Le rythme de cette berceuse a déjà saisi nombres de passagers, et les voilà, abandonnés aux cieux, voyageurs d'un autre monde. D'autres sont étendus, observent l'horizon ou partagent un instant autour de ce fidèle breuvage, le maté. Nous avons quitté Buenos Aires, et avons pris notre élan de Retiro, gare et gardienne de quelques locomotives et voitures. Sous sa charpente, vaste étendue d'aciers et de pierres, nous nous sommes avancés, jusqu'à percevoir l'animal. Crachant fumées, il était apprêté et ne semblait qu'attendre le coup de sifflet pour s'élancer. Ces façades blanches et azures ne laissaient rien transparaître de son intérieur. Dans l'inconnu, nous franchîmes portes et paliers, saluions une dernière fois nos amies et découvrîmes le caractère de cette voiture. Cinq, six passagers étaient installés, et, à moins de dix minutes du départ, cela laissait présager de tranquillité et repos. Aciers, chromes et teintes de bleus, de l'azur au marin allaient être nos compagnons pour nos douze prochaines heures. Les V15 et V16 nous ouvrîmes leurs bras, dans lesquels nous trouvions un confort tant apprécié, si agréable au voyageur qui s'en va, vers d'autres contrées. Puis, la locomotive démarra, entraînant avec elle l'un et l'autre de ces deux uniques wagons, elle quitta la gare où, nous laissions amies, amitiés et histoires. Le train s'élança, mais jamais ne sembla vraiment démarrer, doucement, il se mit à traverser la cité, franchissant les artères du centre, oscillant entre autopistas, centres commerciaux, favelas et banlieues flambant neuves, avant de caresser le fer sur les étendues plus lointaine.
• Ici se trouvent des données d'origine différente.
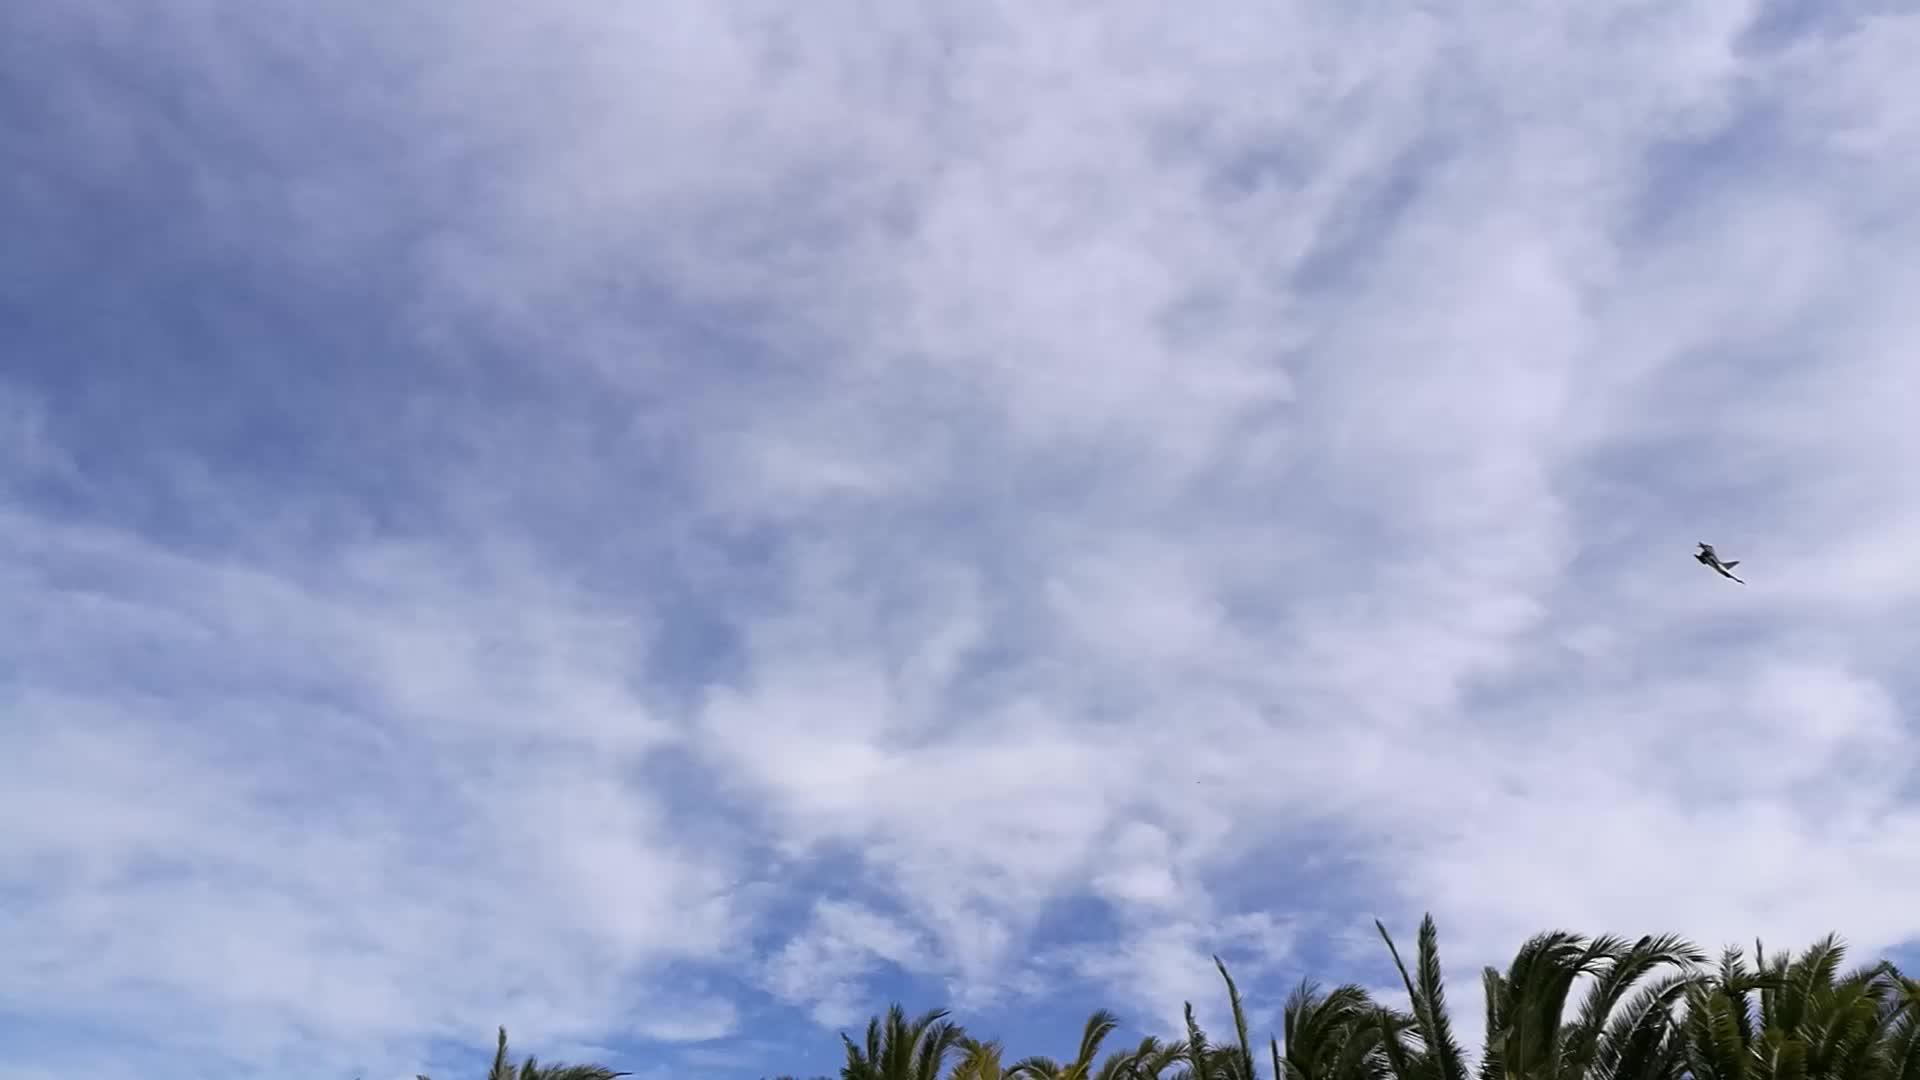 Dos cazas sobrevuelan el cielo de Ibiza
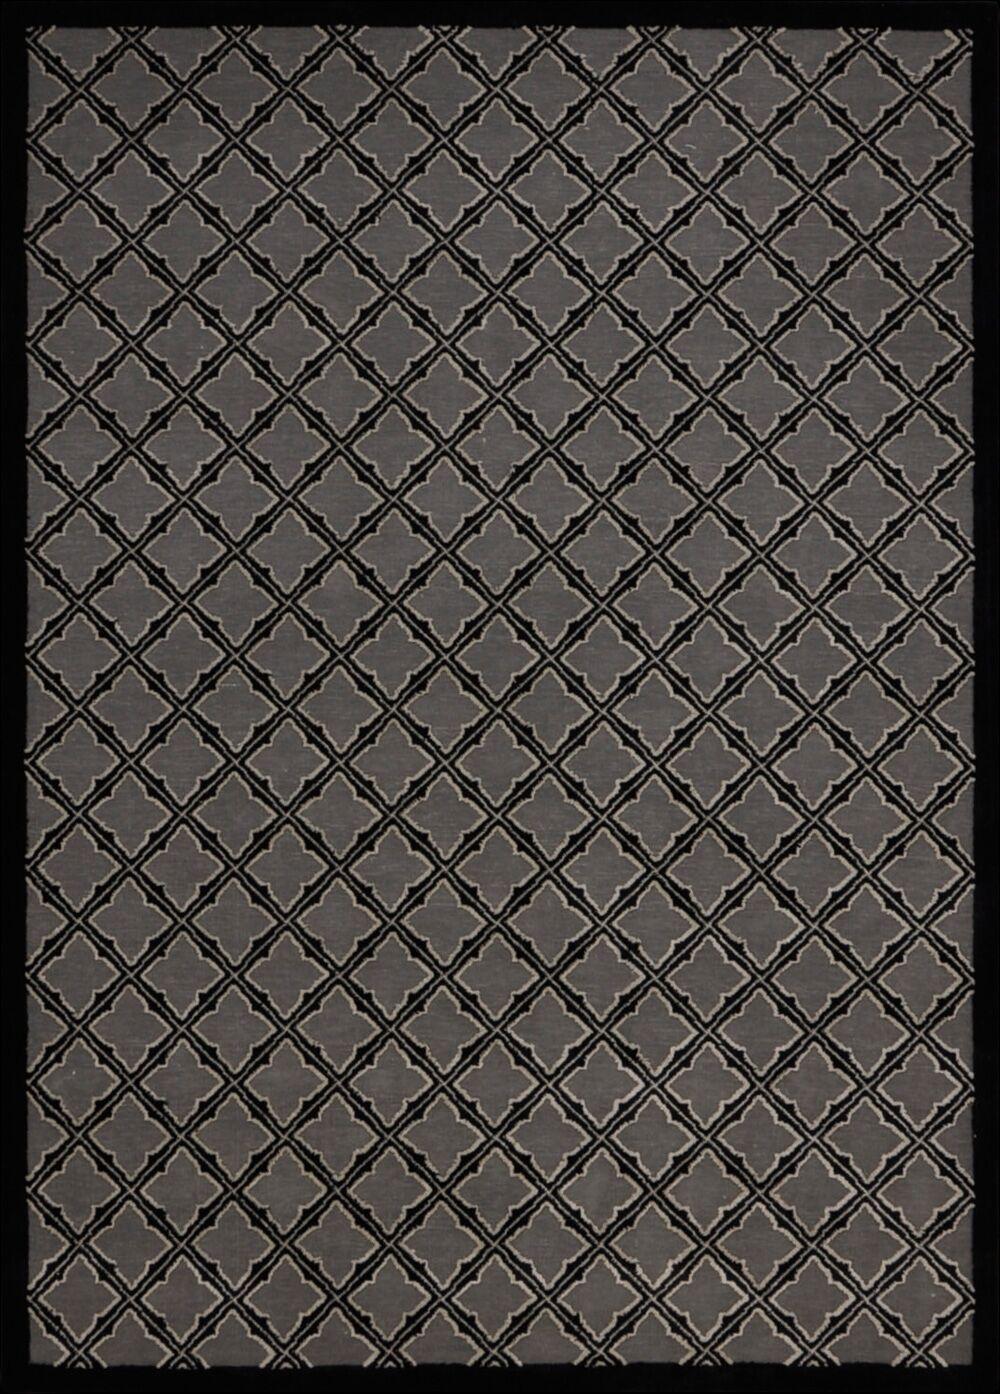 Hartz Silver/Black Area Rug Rug Size: Rectangle 5'3

Et, tandis que le soleil s'abattait sur le monde extérieur, notre carrosse se parait de ses boucliers d'aciers, et assurait ainsi fraîcheur et ombre à ses fidèles passagers. Plus tard, arbres et buissons venaient flirter avec le plexiglas déjà bien usé des fenêtres du wagonnet. Nous avancions, entre ces étendues de verdures, ces ruisseaux et ces villes, qui tous, se dévoilaient, au rythme de ce trop, dont un bon destrier aurait sans doute pu se jouer.
Vint le crépuscule, sa lumière orangée qui emplit la voiture de cette lumière que l'on aime à savourer, embourbés, au fond de son siège, scotchés, face à l'horizon. S'en suit un éclairage clinique qui pris d'assaut le timide wagonnet, 21h sonna, Rosario ne pointait toujours pas à l'horizon, et on nous annonçait un retard d'environ deux heures. Soudain des bruits de projectiles se sont faits entendre. Tranquillement, le contrôleur est arrivé, nous a prévenu que nous traversions une zone de turbulences, et nous demanda de prendre soin de bien abaisser nos rideaux de fer. Ceux -ci étaient donc destinés à nous protéger des jets de pierre qui faisaient rage de l'autre côté de la voie. L'univers bascula, nous nous retrouvions au milieu d'un monde de fers et d'aciers, capables de s’ausculter à la blancheur de cette lumière qui nous éblouissait.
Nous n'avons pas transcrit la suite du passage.